● Directions:
Could you retype all of the records exactly, leaving out every picture?

(Dataset records)

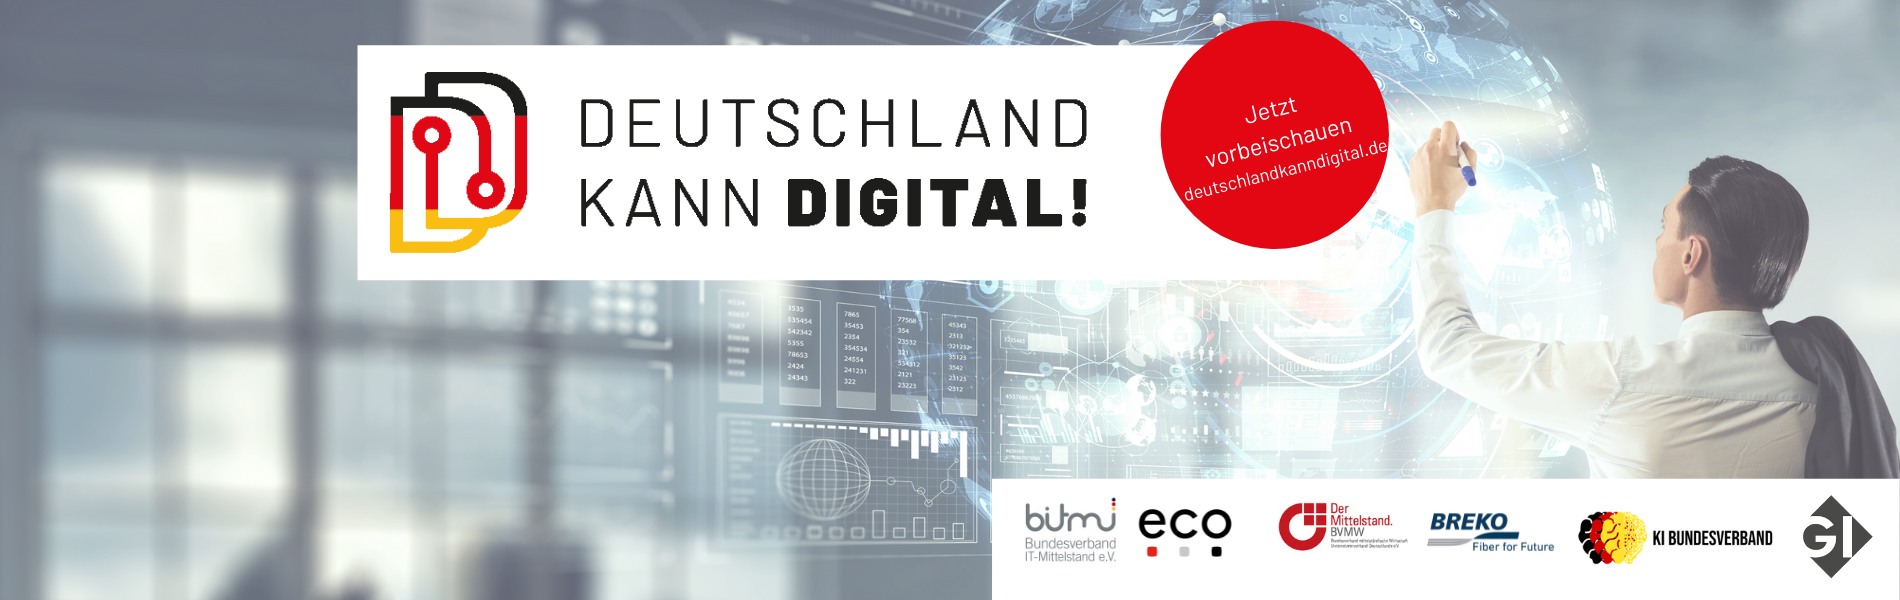 Deutschland kann digital! Folge vier: Digitale Geschäftsmodelle und Schlüsseltechnologien
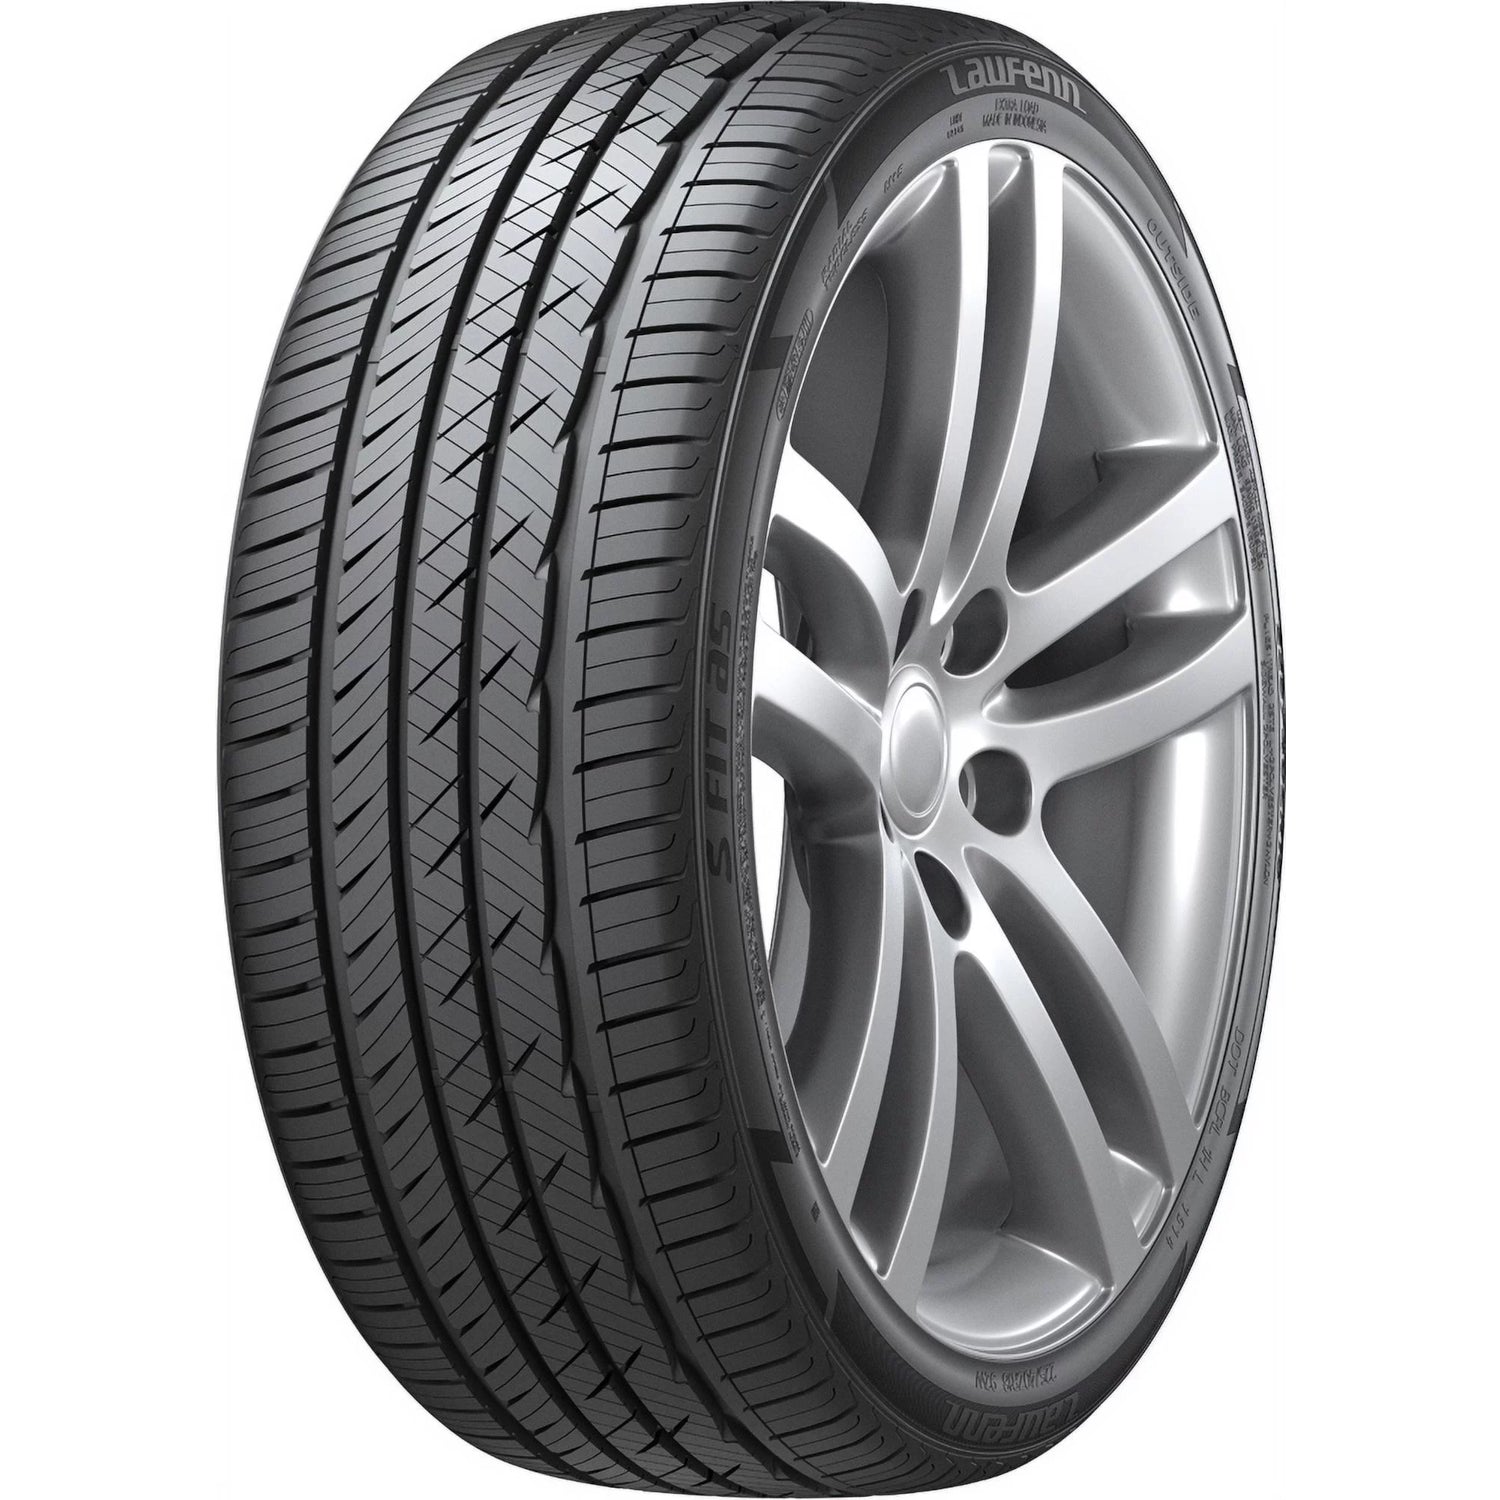 LAUFENN S FIT AS 225/60R18 (28.6X8.9R 18) Tires
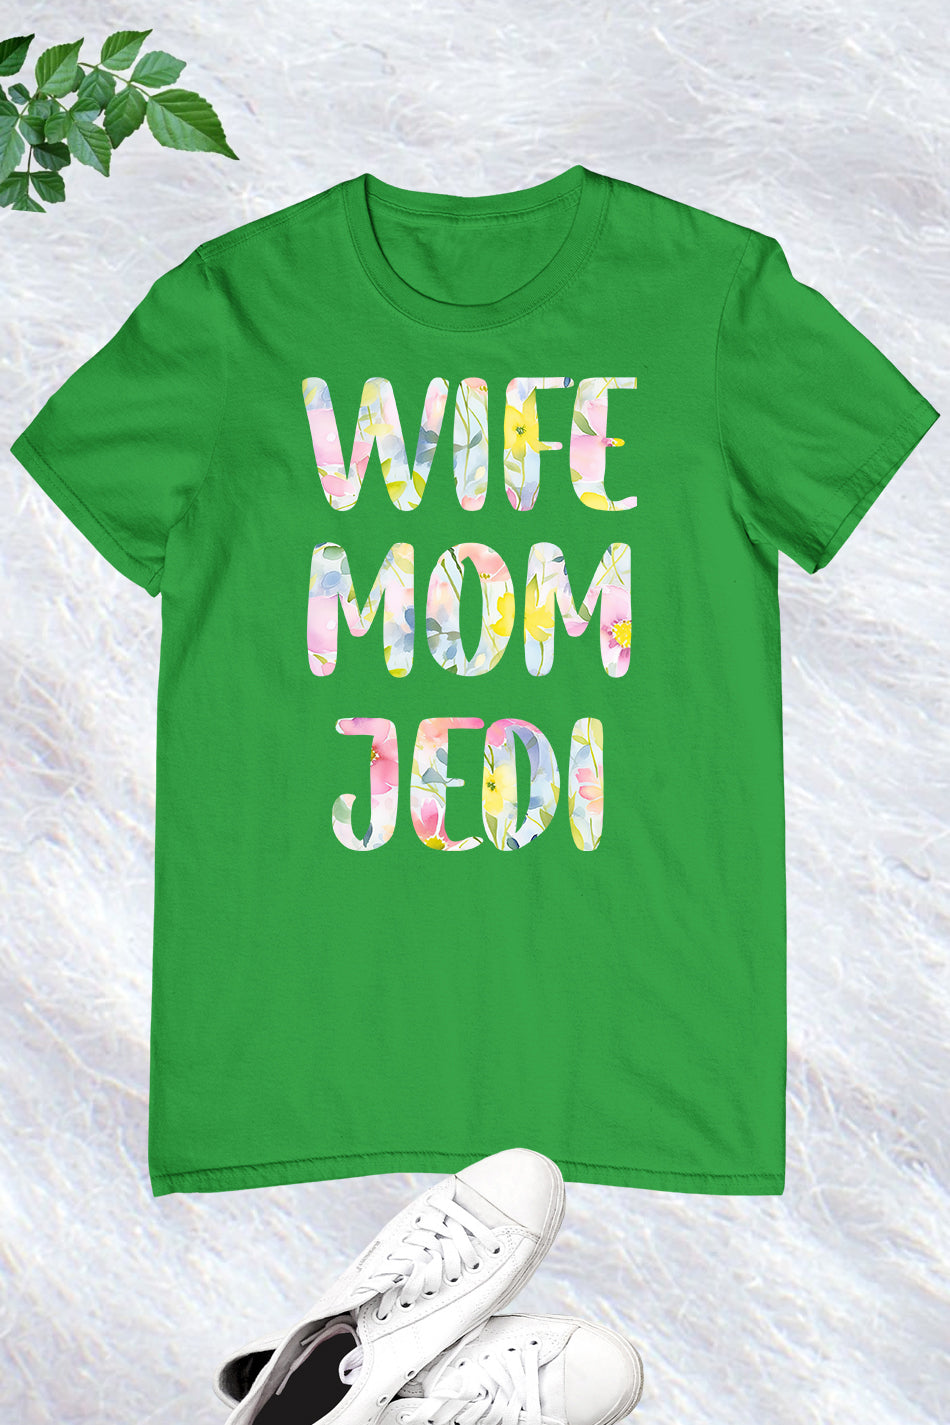 Wife Mom jedi Shirt
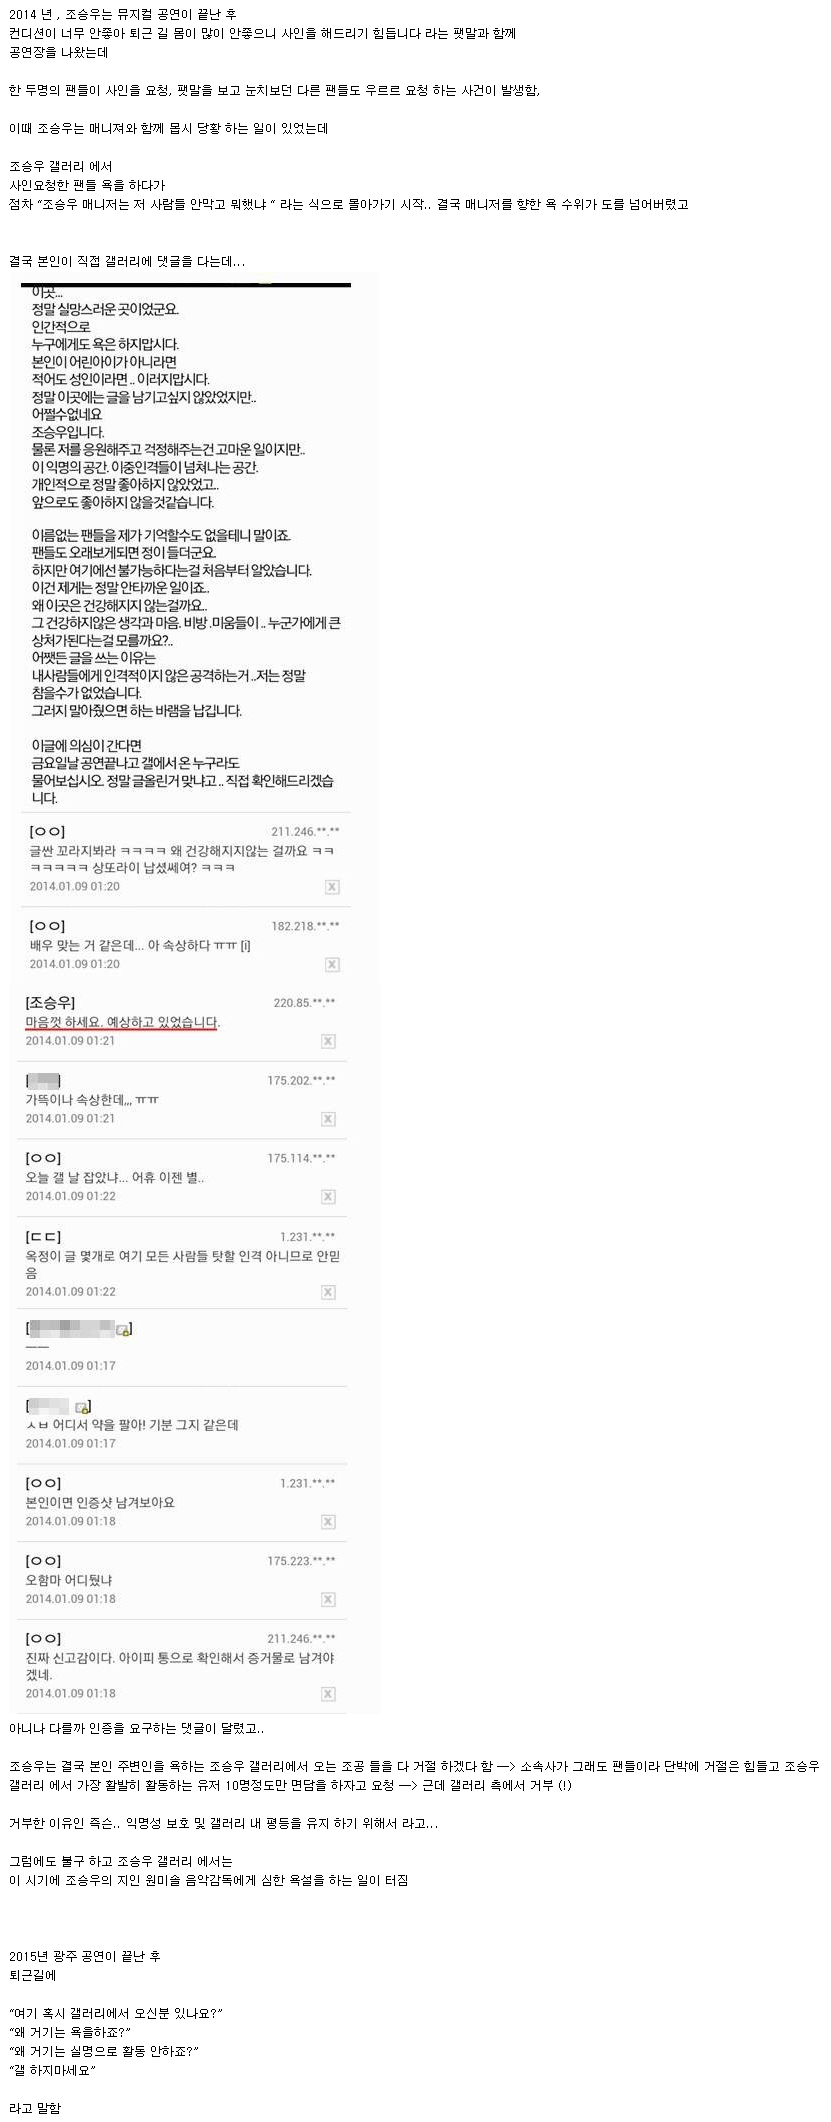 배우 조승우가 DC인사이드를 싫어하는 이유 .txt - 포텐터진 게시판 - 에펨코리아.png
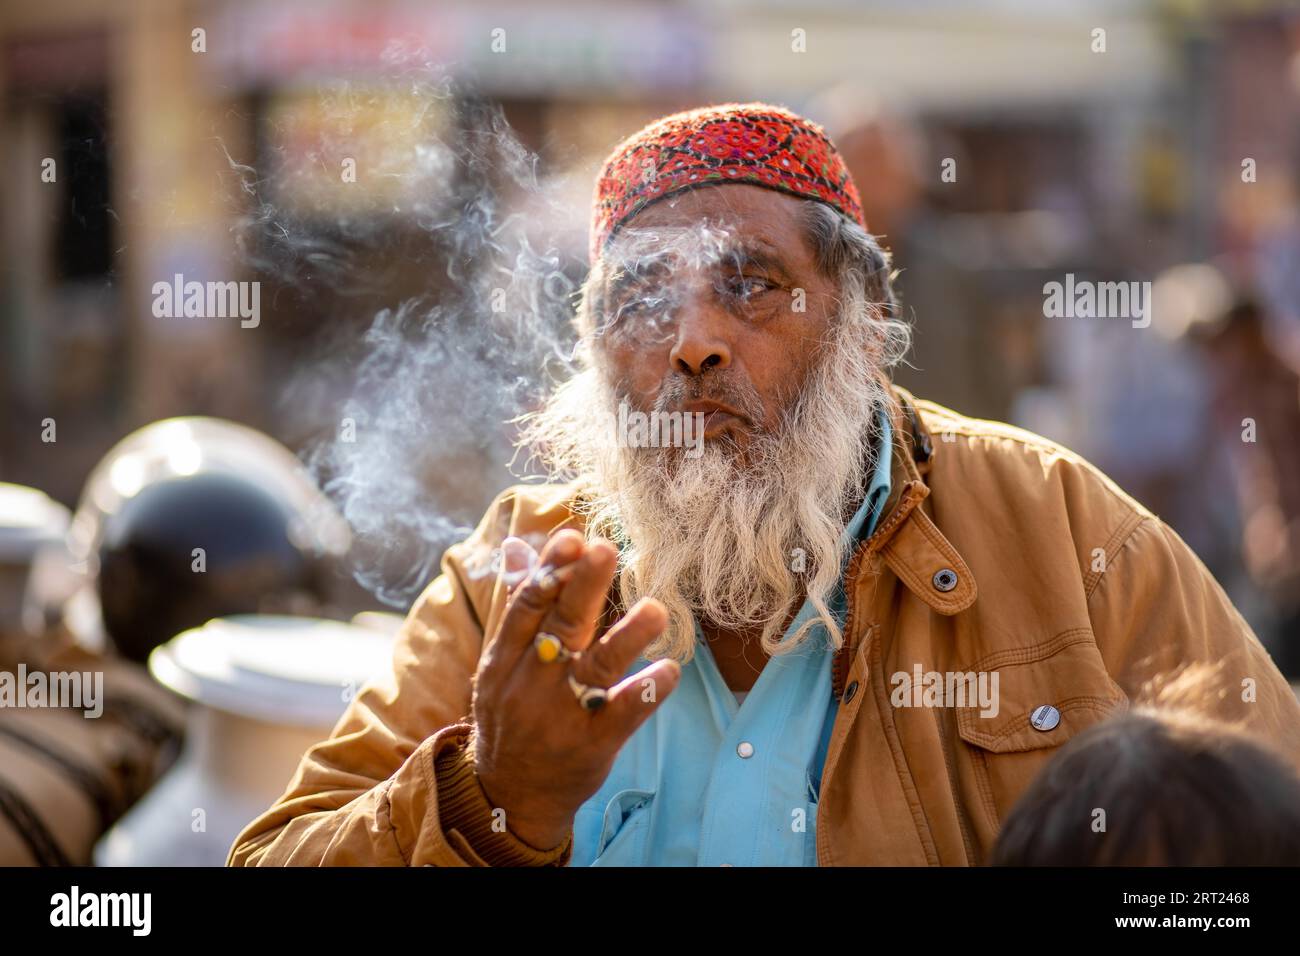 Jaisalmer, Inde, 7 décembre 2019 : Portrait d'un homme âgé du Rajasthani soufflant de la fumée de cigarette Banque D'Images

● Reply to the exercise:
 Deutschland kann digital! Folge vier: Digitale Geschäftsmodelle und Schlüsseltechnologien
 LAUFENN S FIT AS 225/60R18 (28.6X8.9R 18) Tires
 Wife Mom jedi Shirt
 배우 조승우가 DC인사이드를 싫어하는 이유 .txt - 포텐터진 게시판 - 에펨코리아.png
 Jaisalmer, Inde, 7 décembre 2019 : Portrait d'un homme âgé du Rajasthani soufflant de la fumée de cigarette Banque D'Images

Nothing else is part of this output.